## ABOUT THIS EXERCISE
Print the data that follows word for word, leaving out any picture.

## DATA SEGMENT

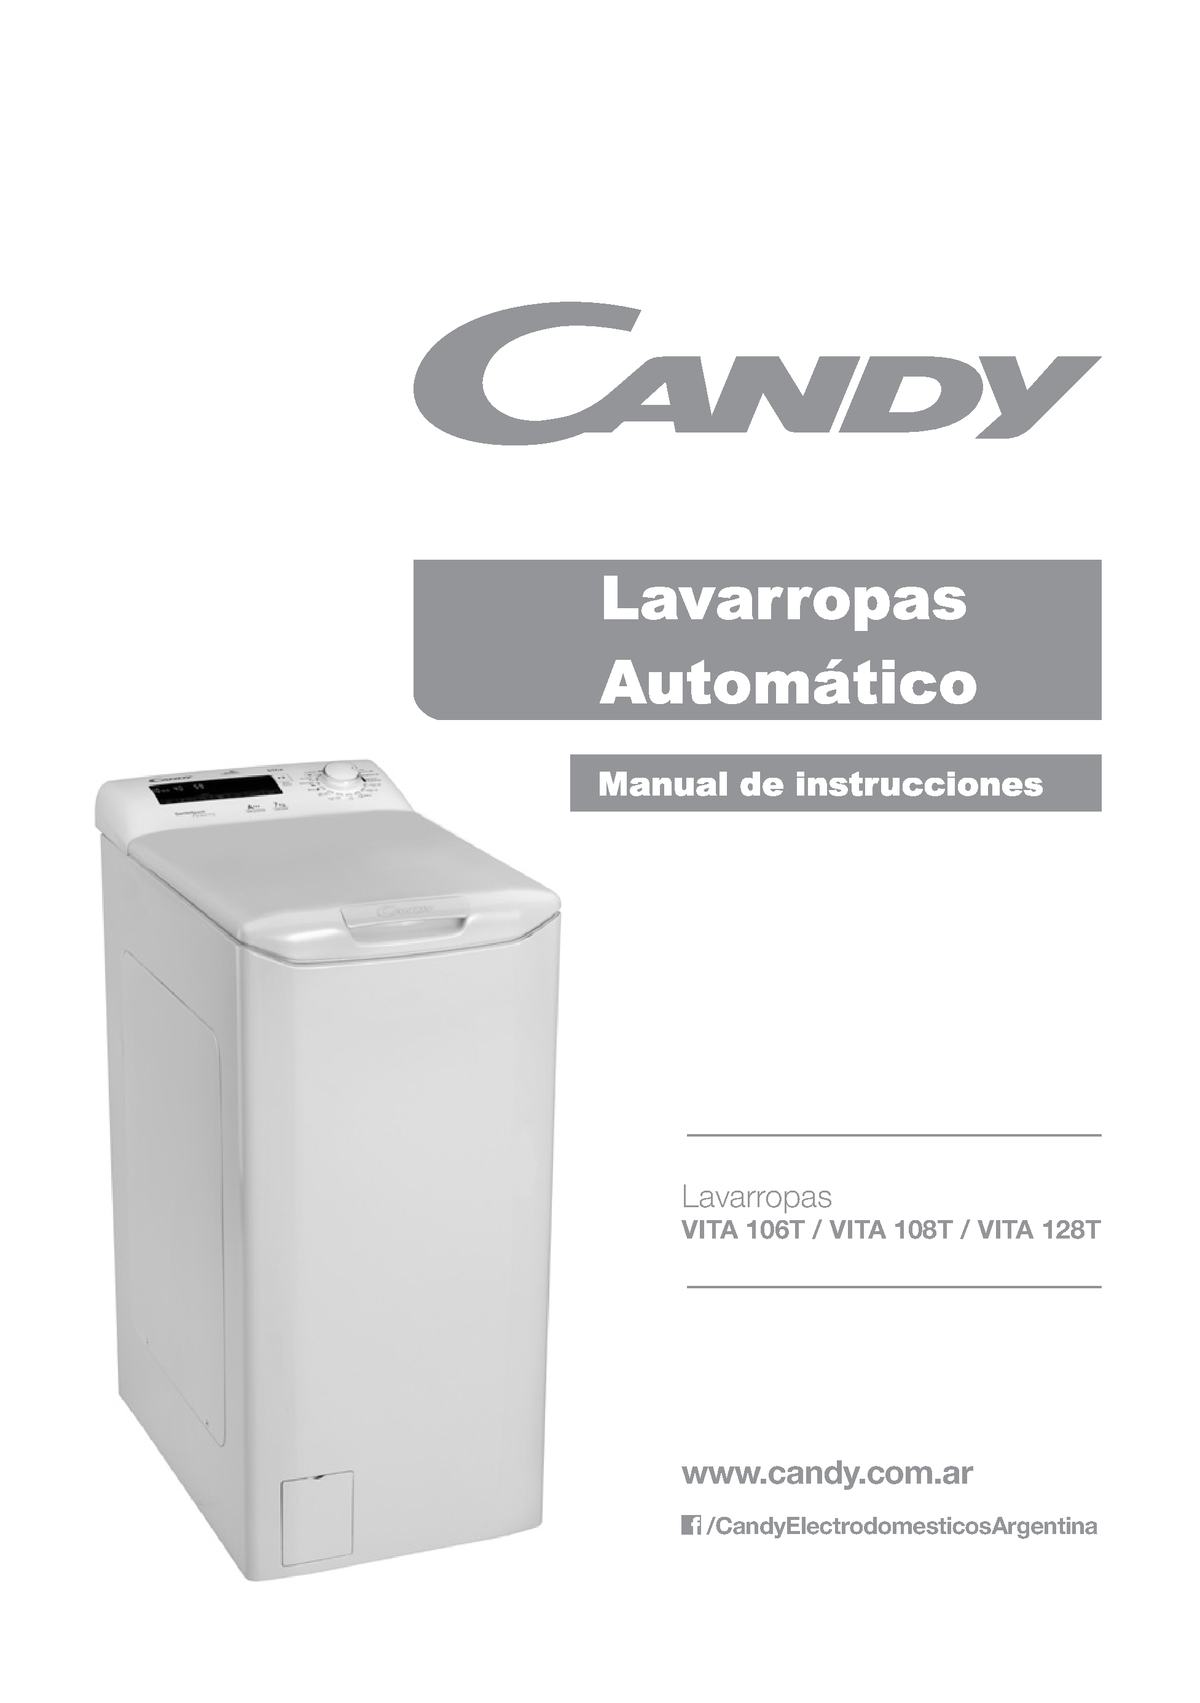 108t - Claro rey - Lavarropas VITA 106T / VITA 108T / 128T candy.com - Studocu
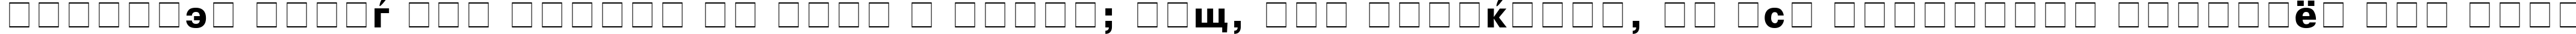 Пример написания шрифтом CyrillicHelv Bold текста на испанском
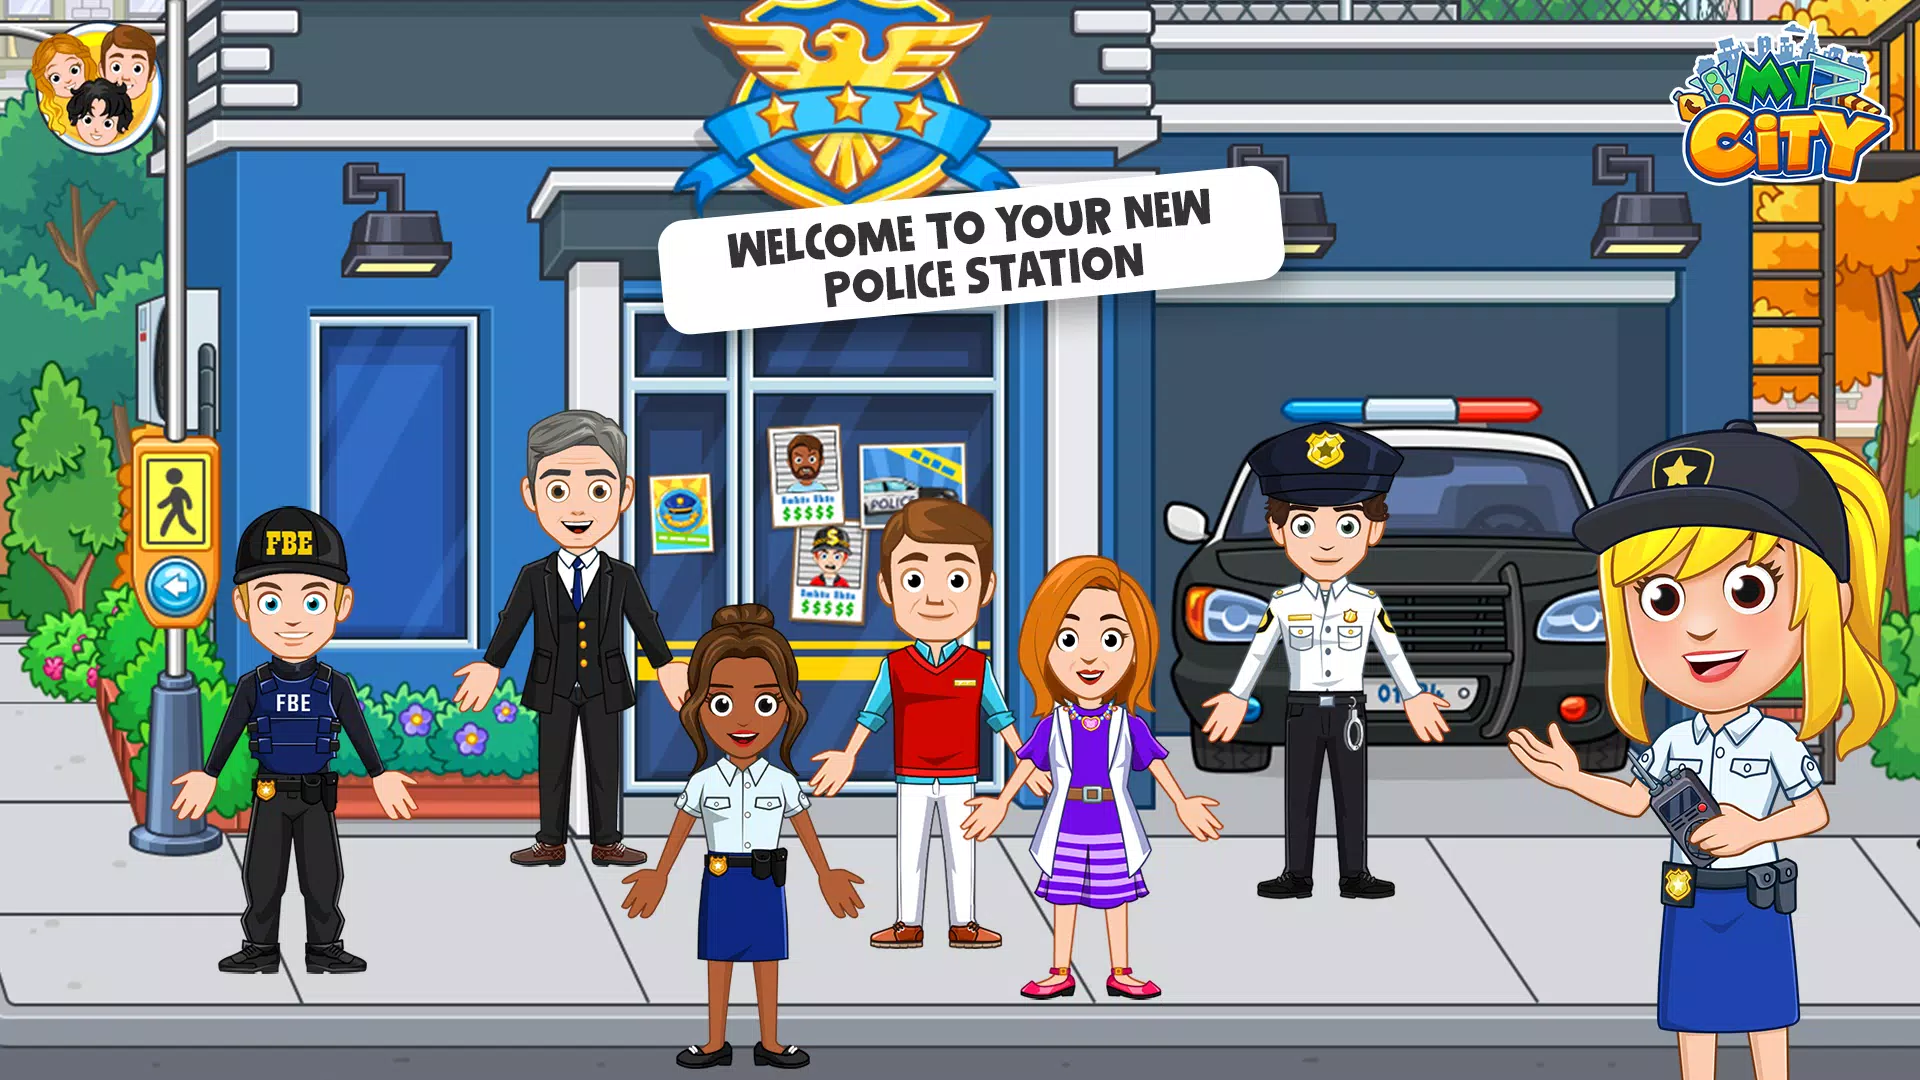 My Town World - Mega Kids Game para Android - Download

## WRITTEN RESPONSE
 108t - Claro rey - Lavarropas VITA 106T / VITA 108T / 128T candy.com - Studocu
 Пример написания шрифтом CyrillicHelv Bold текста на испанском
 My Town World - Mega Kids Game para Android - Download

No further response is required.